TRY IT :: Only an exact copy of the entries will serve as the answer.

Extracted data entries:
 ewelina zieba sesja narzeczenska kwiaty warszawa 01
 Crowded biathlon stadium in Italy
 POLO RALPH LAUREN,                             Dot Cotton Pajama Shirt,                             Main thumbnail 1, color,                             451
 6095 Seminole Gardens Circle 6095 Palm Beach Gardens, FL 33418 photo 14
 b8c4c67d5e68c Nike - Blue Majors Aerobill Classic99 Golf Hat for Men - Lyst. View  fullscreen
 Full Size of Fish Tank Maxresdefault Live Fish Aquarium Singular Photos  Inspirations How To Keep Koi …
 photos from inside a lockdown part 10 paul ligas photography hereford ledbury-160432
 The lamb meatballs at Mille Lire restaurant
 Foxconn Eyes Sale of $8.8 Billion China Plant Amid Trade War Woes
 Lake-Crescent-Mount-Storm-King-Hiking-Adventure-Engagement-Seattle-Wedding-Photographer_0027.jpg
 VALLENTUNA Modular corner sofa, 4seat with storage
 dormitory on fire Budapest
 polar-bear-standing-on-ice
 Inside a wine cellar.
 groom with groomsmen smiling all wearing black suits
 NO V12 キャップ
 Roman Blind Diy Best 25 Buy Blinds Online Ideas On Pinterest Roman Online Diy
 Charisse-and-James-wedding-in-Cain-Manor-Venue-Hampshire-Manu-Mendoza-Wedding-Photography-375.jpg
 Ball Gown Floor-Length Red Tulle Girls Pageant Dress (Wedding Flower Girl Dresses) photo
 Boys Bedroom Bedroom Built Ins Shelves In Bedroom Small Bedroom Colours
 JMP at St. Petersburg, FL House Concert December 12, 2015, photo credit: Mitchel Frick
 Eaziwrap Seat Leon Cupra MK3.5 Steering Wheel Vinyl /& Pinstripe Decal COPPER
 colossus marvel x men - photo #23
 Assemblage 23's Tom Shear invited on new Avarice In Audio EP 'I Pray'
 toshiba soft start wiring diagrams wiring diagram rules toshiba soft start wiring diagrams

ANSWER TO THE EXERCISE ::
 ewelina zieba sesja narzeczenska kwiaty warszawa 01
 Crowded biathlon stadium in Italy
 POLO RALPH LAUREN,                             Dot Cotton Pajama Shirt,                             Main thumbnail 1, color,                             451
 6095 Seminole Gardens Circle 6095 Palm Beach Gardens, FL 33418 photo 14
 b8c4c67d5e68c Nike - Blue Majors Aerobill Classic99 Golf Hat for Men - Lyst. View  fullscreen
 Full Size of Fish Tank Maxresdefault Live Fish Aquarium Singular Photos  Inspirations How To Keep Koi …
 photos from inside a lockdown part 10 paul ligas photography hereford ledbury-160432
 The lamb meatballs at Mille Lire restaurant
 Foxconn Eyes Sale of $8.8 Billion China Plant Amid Trade War Woes
 Lake-Crescent-Mount-Storm-King-Hiking-Adventure-Engagement-Seattle-Wedding-Photographer_0027.jpg
 VALLENTUNA Modular corner sofa, 4seat with storage
 dormitory on fire Budapest
 polar-bear-standing-on-ice
 Inside a wine cellar.
 groom with groomsmen smiling all wearing black suits
 NO V12 キャップ
 Roman Blind Diy Best 25 Buy Blinds Online Ideas On Pinterest Roman Online Diy
 Charisse-and-James-wedding-in-Cain-Manor-Venue-Hampshire-Manu-Mendoza-Wedding-Photography-375.jpg
 Ball Gown Floor-Length Red Tulle Girls Pageant Dress (Wedding Flower Girl Dresses) photo
 Boys Bedroom Bedroom Built Ins Shelves In Bedroom Small Bedroom Colours
 JMP at St. Petersburg, FL House Concert December 12, 2015, photo credit: Mitchel Frick
 Eaziwrap Seat Leon Cupra MK3.5 Steering Wheel Vinyl /& Pinstripe Decal COPPER
 colossus marvel x men - photo #23
 Assemblage 23's Tom Shear invited on new Avarice In Audio EP 'I Pray'
 toshiba soft start wiring diagrams wiring diagram rules toshiba soft start wiring diagrams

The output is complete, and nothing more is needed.